Many types of neurons fire spontaneously because of the activity of pacemaking ion channels. Although endogenous firing can serve as a persistent signal to downstream targets, little attention has been paid to factors that might modulate such intrinsic electrical activity. We tested for modulation of spontaneous firing of Purkinje neurons in cerebellar slices under conditions in which principal synaptic inputs were blocked. Loose-patch recordings from single neurons show that sustained (>40 min) increases in the spontaneous firing rate can be triggered by activation of the nitric oxide–cGMP signaling pathway. Inhibitors of soluble guanylate cyclase and protein kinase G block this modulation. Increases in firing rate are also observed after stimulation of parallel fibers but not in response to basket cell activity. These findings elucidate a novel role for the nitric oxide–cGMP signaling cascade in the brain. This mechanism could permit long-term adjustments in the baseline firing rate of endogenously active neurons in response to changes in afferent activity.

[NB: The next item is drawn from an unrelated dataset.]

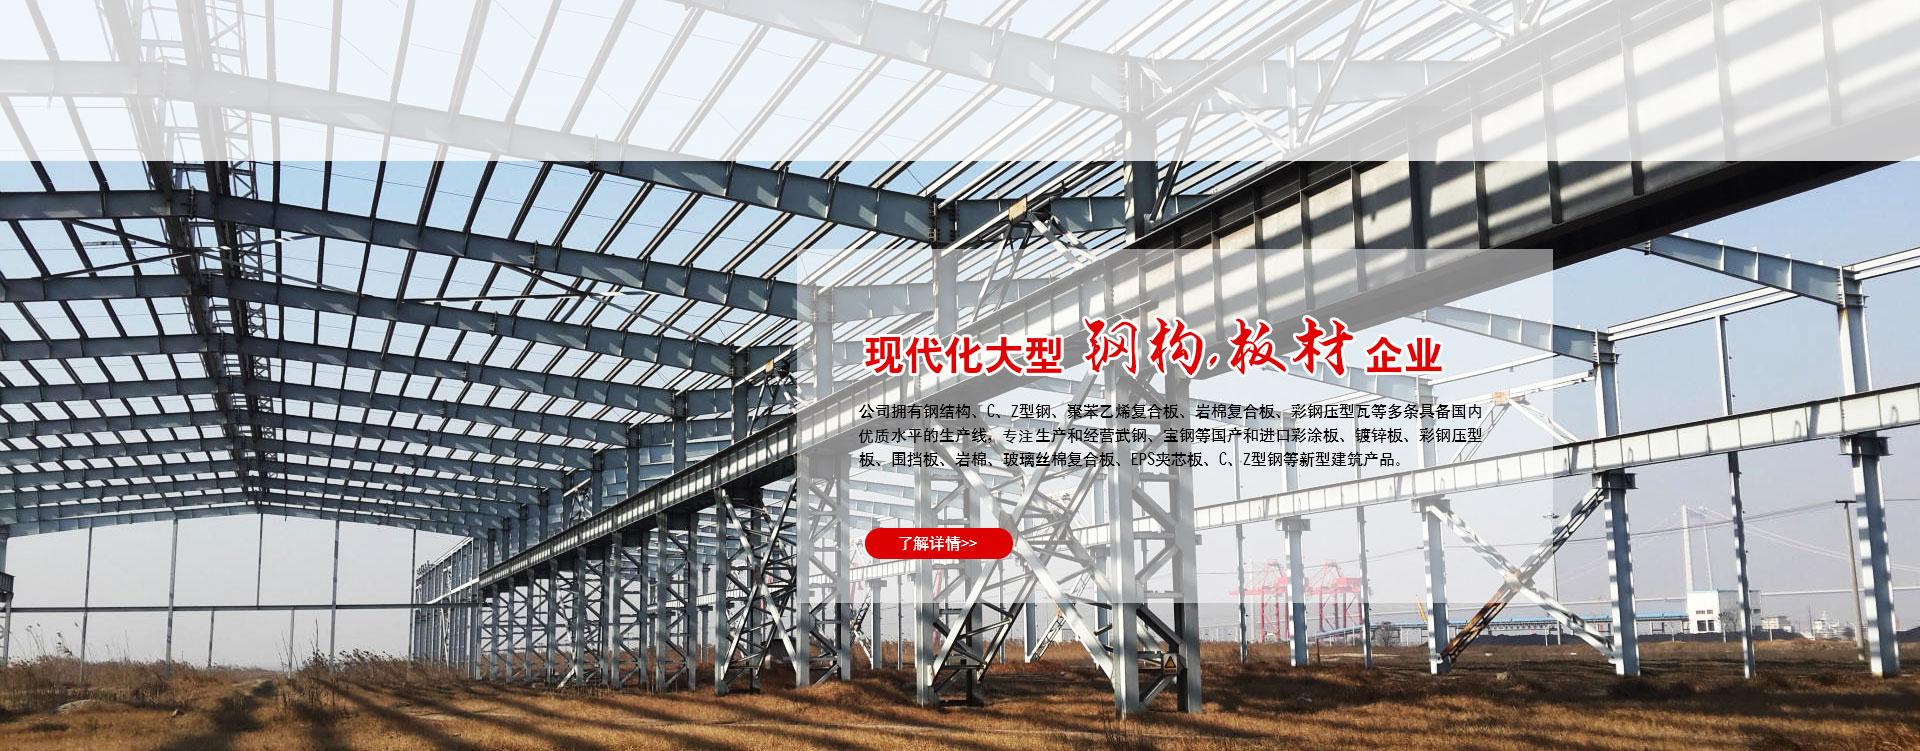 诚信钢结构集团

Spontaneously firing neurons are found in several regions of the brain, including the midbrain, the hypothalamus, the basal ganglia, and the cerebellum (Llinas and Sugimori, 1980; du Lac and Lisberger, 1995; Uteshev et al., 1995; Häusser and Clark, 1997; Bevan and Wilson, 1999; Ghamari-Langroudi and Bourque, 2000). Synaptic input is not necessary to generate spontaneous firing. Rather, in many of these cell types, intrinsic electrical activity generates rapid and extremely regular spiking rates. Specific pacemaking ion channels, such asI h, mixed cation currents, or TTX-sensitive Na+ currents, are implicated in this endogenous activity (Uteshev et al., 1995; Bevan and Wilson, 1999; Raman and Bean, 1999; Ghamari-Langroudi and Bourque, 2000; Raman et al., 2000). Although intrinsically generated spiking activity represents a persistent signal to downstream targets, little is known about how a given neuron determines and regulates its characteristic firing rate.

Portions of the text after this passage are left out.